In gangland, Alzheimer's can seriously damage your wealth

TELEVISION: A drama about a crime boss with the disease has great performances but soon descends into cliche

TELEVISION:A drama about a crime boss with the disease has great performances but soon descends into cliche

Alzheimer’s disease in TV dramas usually features a very old person shuffling around in slippers and putting the house keys in the fridge – but a gangster with the condition? That’s new. And it worked in The Fear (Channel 4, Monday-Thursday), a drama shown over four consecutive nights and starring Peter Mullan as Richie Beckett, a crime boss in his early 60s.

He’s still profiting from his control of Brighton’s seedy sex and drugs underworld, but now it is with the veneer of respectability: the trophy house, the boutique hotel, the gallery-owning wife, and rounds of golf with the chief of police. But his memory and reasoning are slipping, and brutal events from the past keep flashing though his head. He’s prone to violent outbursts that he instantly forgets. “I haven’t laid a finger on anyone in 15 years, and I’m not going to start now,” he says convincingly just minutes after we’ve seen him assault a cyclist in a road-rage incident.

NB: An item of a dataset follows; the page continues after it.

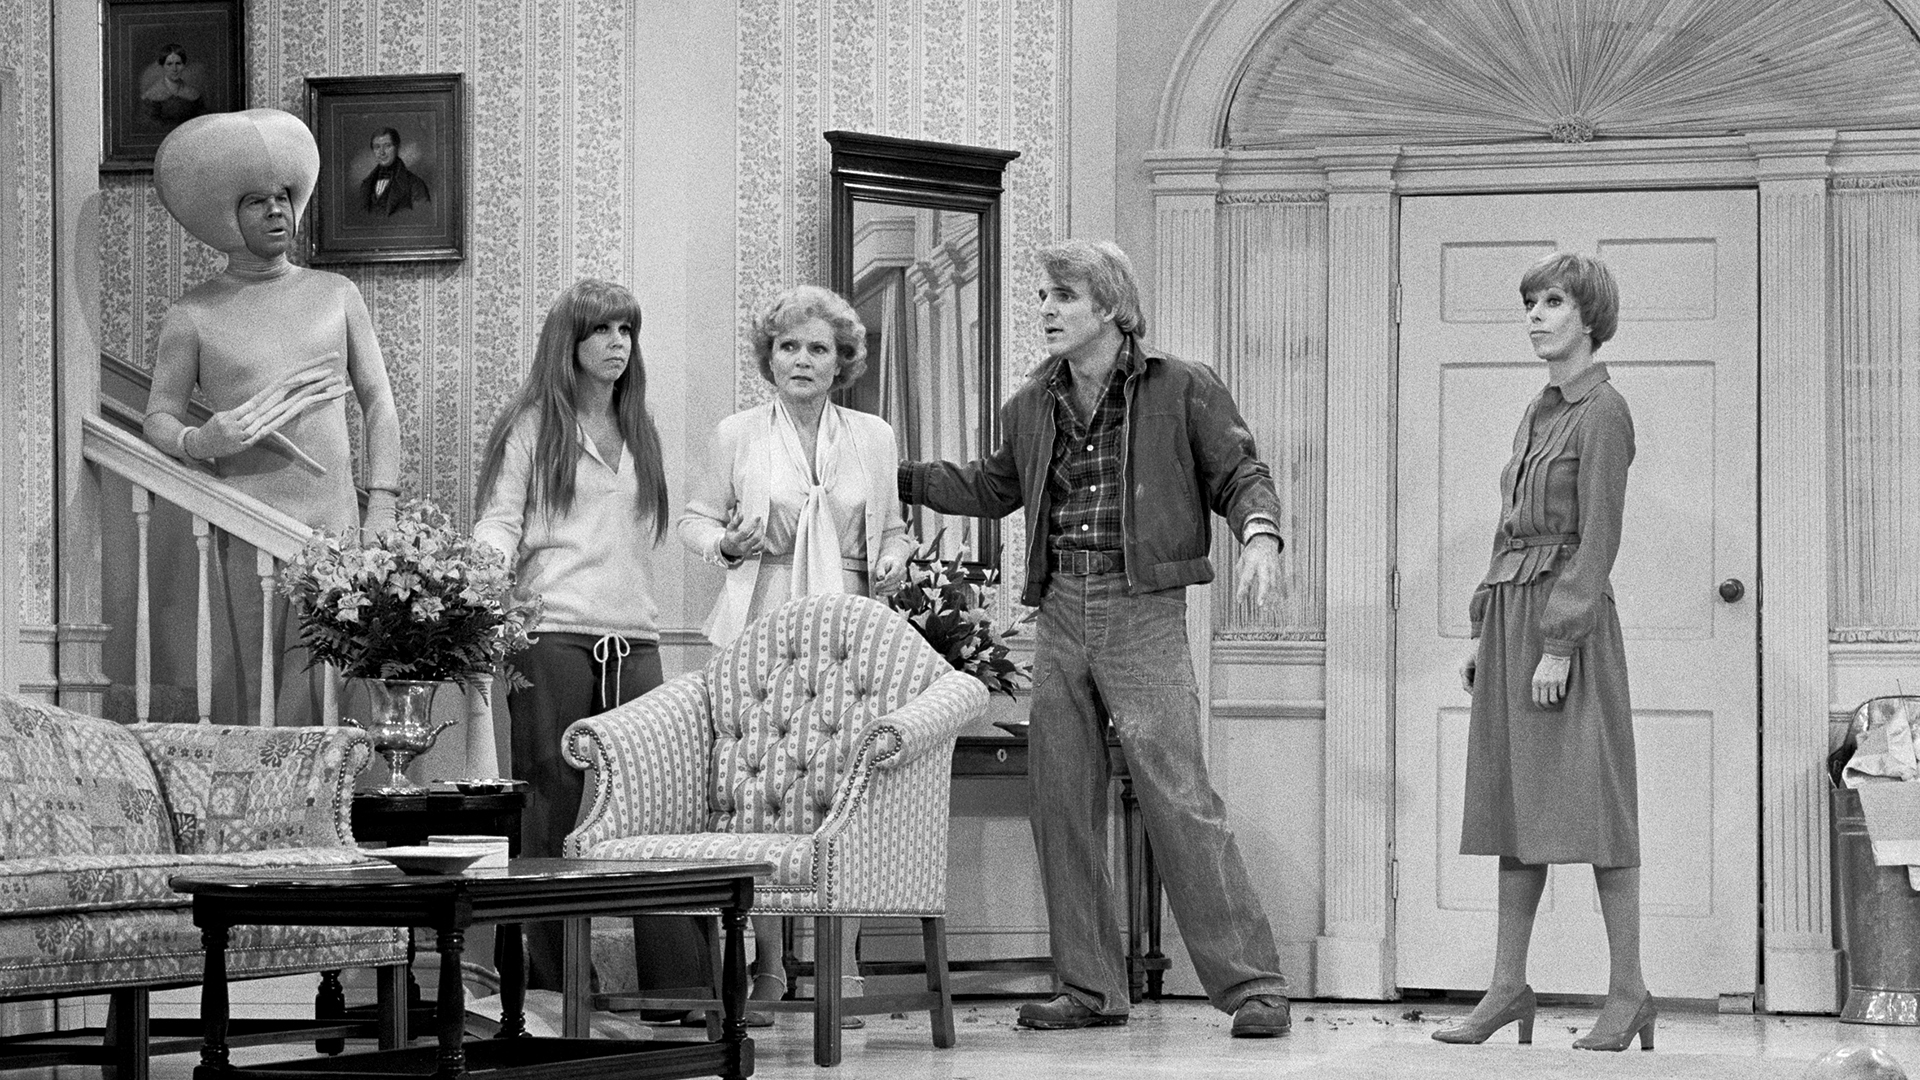 Carol Burnett with Steve Martin, Betty White, Vicki Lawrence, and Tim Conway.

While he’s trying to control his thoughts, a turf war breaks out with the arrival of a gang of Albanians intent on taking over his patch. And as soon as they appear, with their shiny polyester shirts, gold necklaces, eye-gouging violence and “how many girls you want?” dialogue, The Fear veers from the intelligent authenticity of Mullan’s performance deep into stereotype territory. And could Brighton’s police be so dim as not to know that a bloody gang war had broken out, what with the street shoot-outs and the arson? The copper who stopped Beckett’s car missed the severed head in the boot and the gun on the back seat. But Mullan’s performance, as a man slowly and painfully realising that dementia is taking hold, was powerful and nuanced; he’s the reason this drama was compelling despite the corny gangsta scenes.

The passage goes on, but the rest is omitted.